These days I am mostly an armchair tourist. During the past three months my travels have been vicarious--my 21 year old daughter is studying in Paris for a semester during her junior year of college. Every day, through the modern day miracles of email and Skyping, I am revisiting Europe with my daughter as my guide.

The Paris I remember is not the Paris my daughter is experiencing. I remember the crowded sidewalks on the Champ-Elysees with people speaking a language I could not understand, visiting the Louvre and Notre Dame, riding a tourist bus past the Moulon Rouge, side streets smelling of trash, and a hotel room with eight twin beds and cut up newspapers serving as toilet paper in the communal bathroom.

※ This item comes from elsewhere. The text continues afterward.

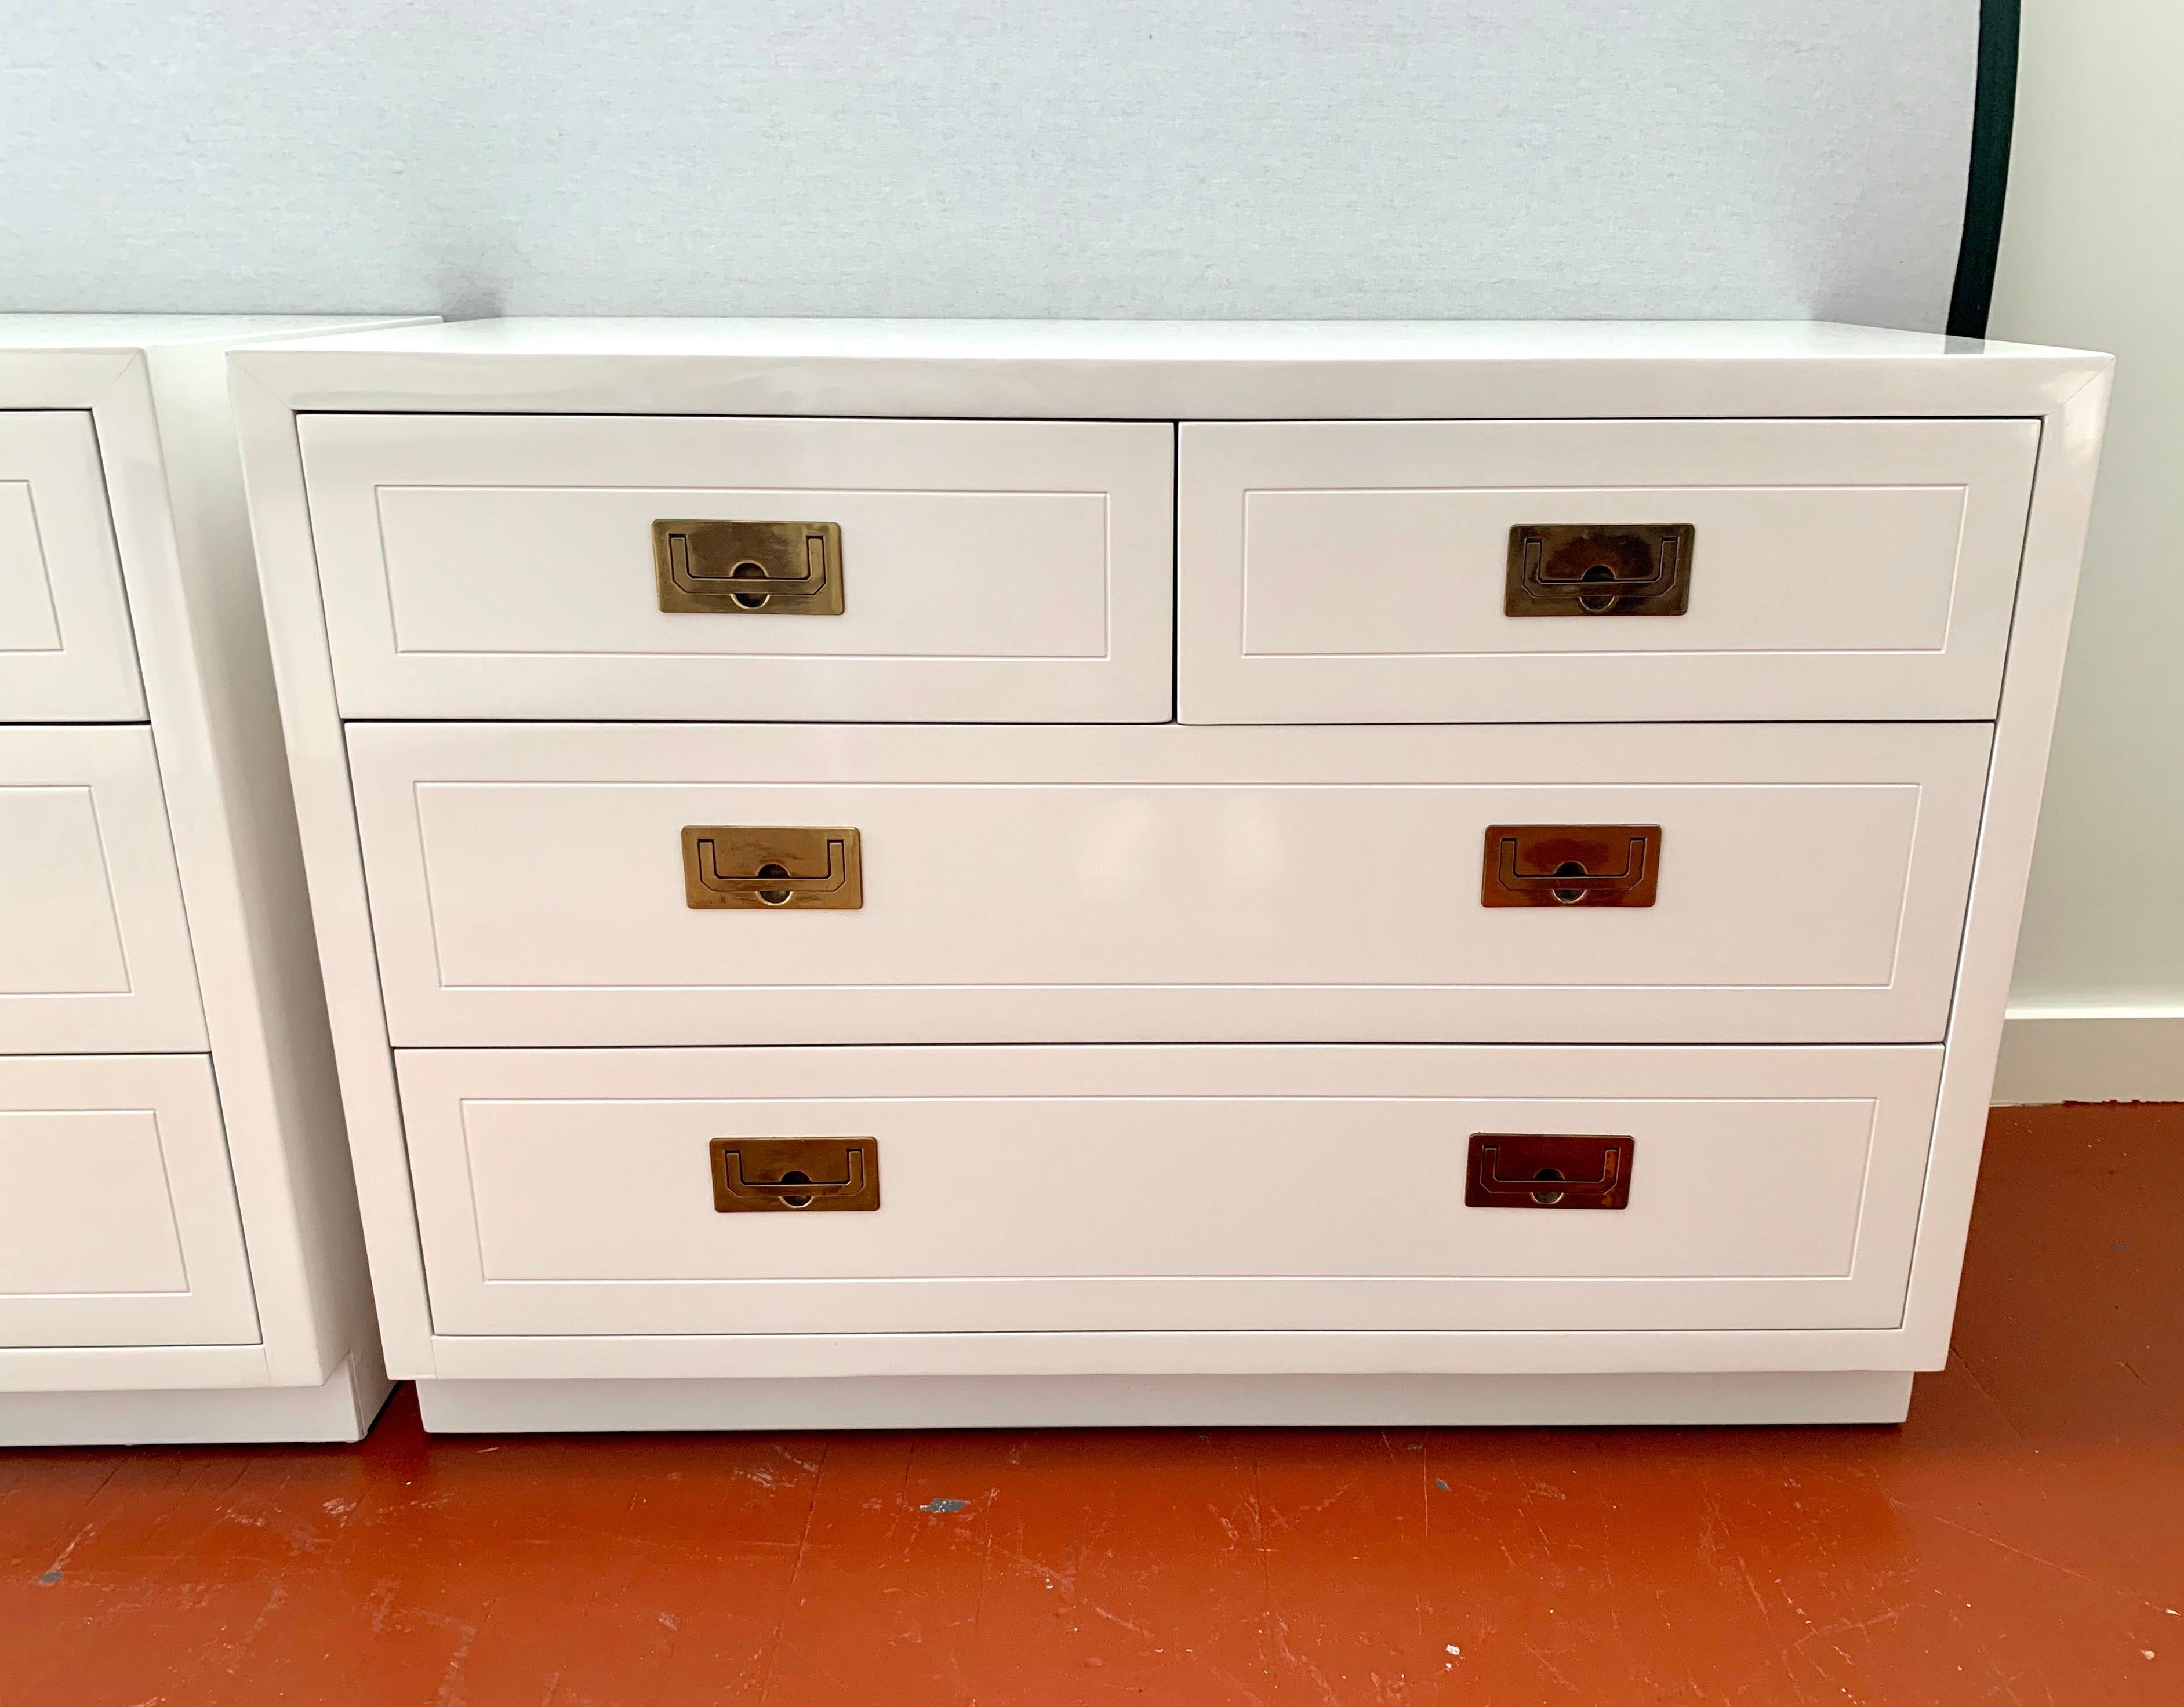 Midcentury campaign chest of drawers newly lacquered in white, feature four dovetailed drawers with original recessed brass hardware. Marked “Henredon” inside drawer.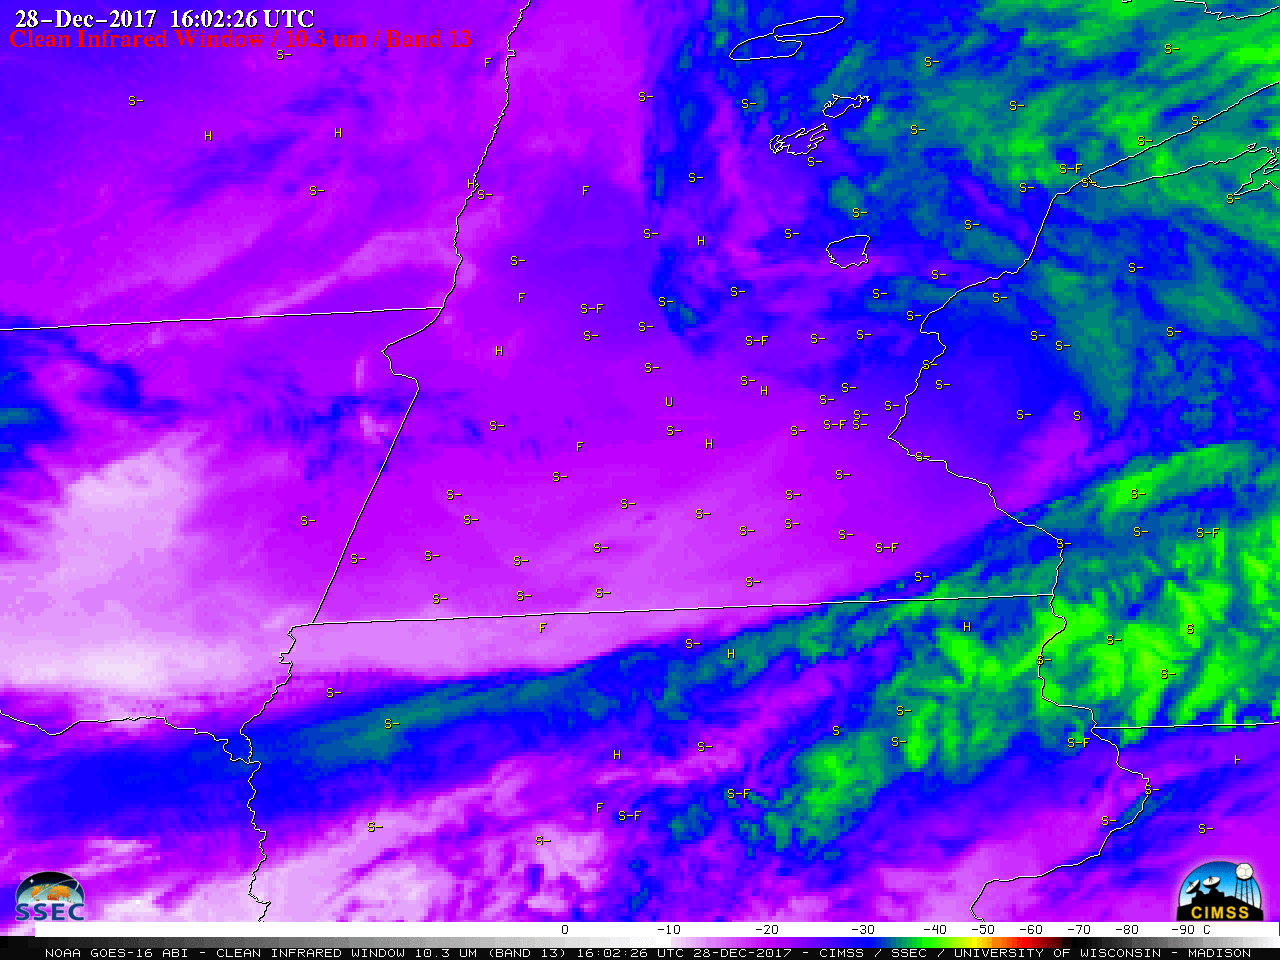 GOES-16 "Clean" Infrared Window (10.3 µm) images, with hourly surface-observed precipitation type plotted in yellow [click to play MP4 animation]

My daughter’s Paris is truly a city of lights. She lives in an apartment with a woman who teaches English at a French school and three other American students. The apartment is near a park and within one block of the Metro and a French bakery. She tells me the people are attractive and well dressed, the streets beautiful and lined with trees, and the food delicious. She speaks French and she loves the language. Many of the museums and art galleries do not charge admission to students, traveling is easy on the metro, and the city has an active night life. My daughter says she has finally found a city that has all she needs to live. While I sit home content to pass my days with the simple joys in life, my daughter is stretching her wings and enjoying her new found freedom. I feel like I have come full circle. My daughter's happiness is mine.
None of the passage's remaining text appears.